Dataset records
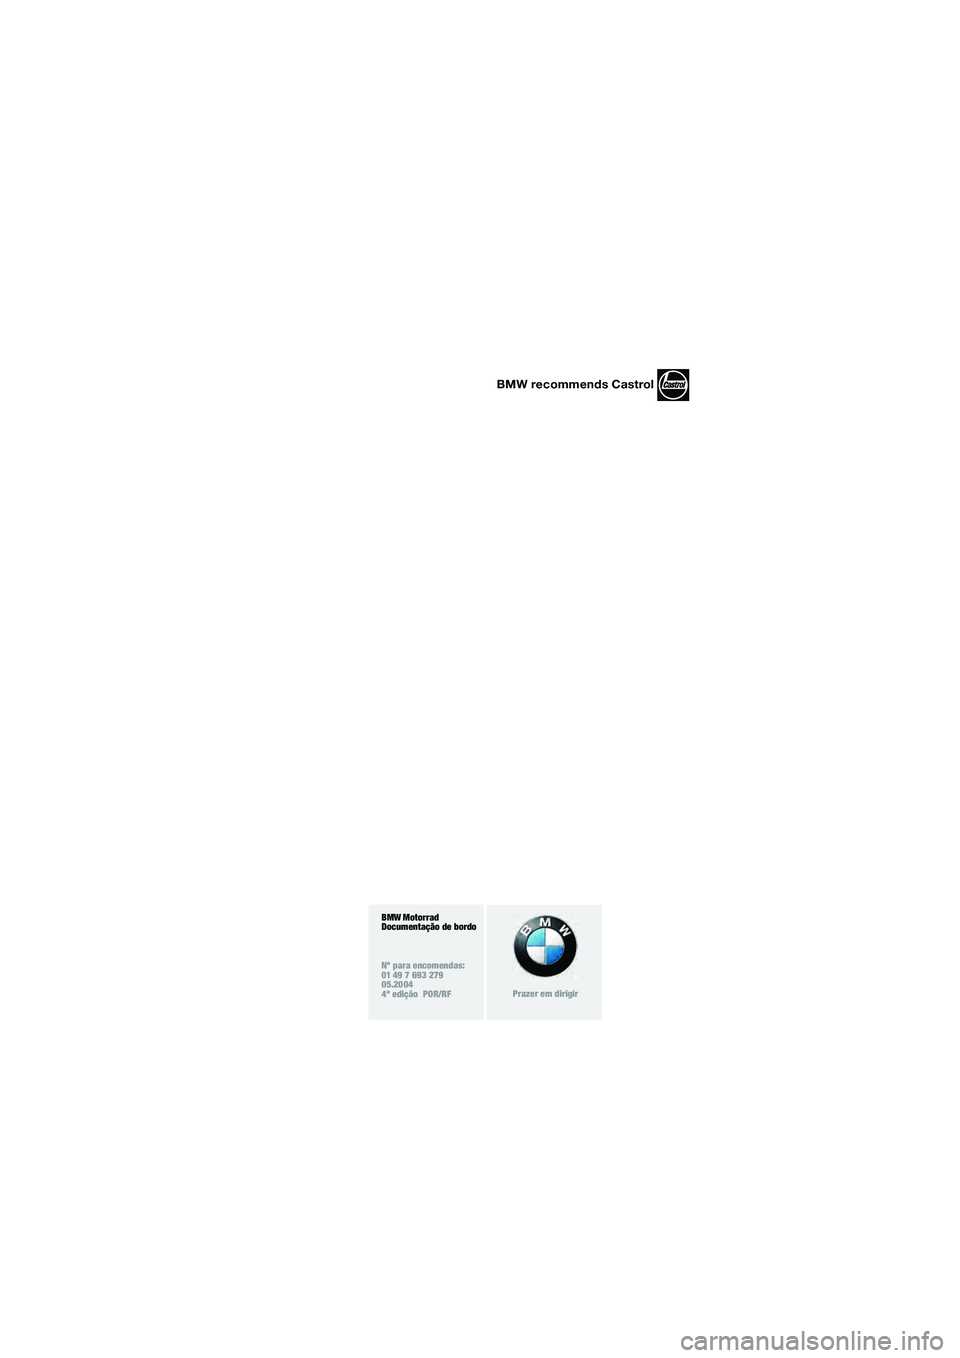 BMW MOTORRAD R 850 R 2004  Manual do condutor (in Portuguese) BMW Motorrad
Documentação de bordo 
Nº para encomendas:
01 49 7 693 279
05.2004
4ª edição  POR/RF
Prazer em dirigir
BMW recommends Castrol
10r28bkb3.book  Seite 90  Dienstag, 25. Mai 2004  4:29

What you have to do
All entries should be restated word for word; no images belong in the copy.

Response to the exercise
 BMW MOTORRAD R 850 R 2004  Manual do condutor (in Portuguese) BMW Motorrad
Documentação de bordo 
Nº para encomendas:
01 49 7 693 279
05.2004
4ª edição  POR/RF
Prazer em dirigir
BMW recommends Castrol
10r28bkb3.book  Seite 90  Dienstag, 25. Mai 2004  4:29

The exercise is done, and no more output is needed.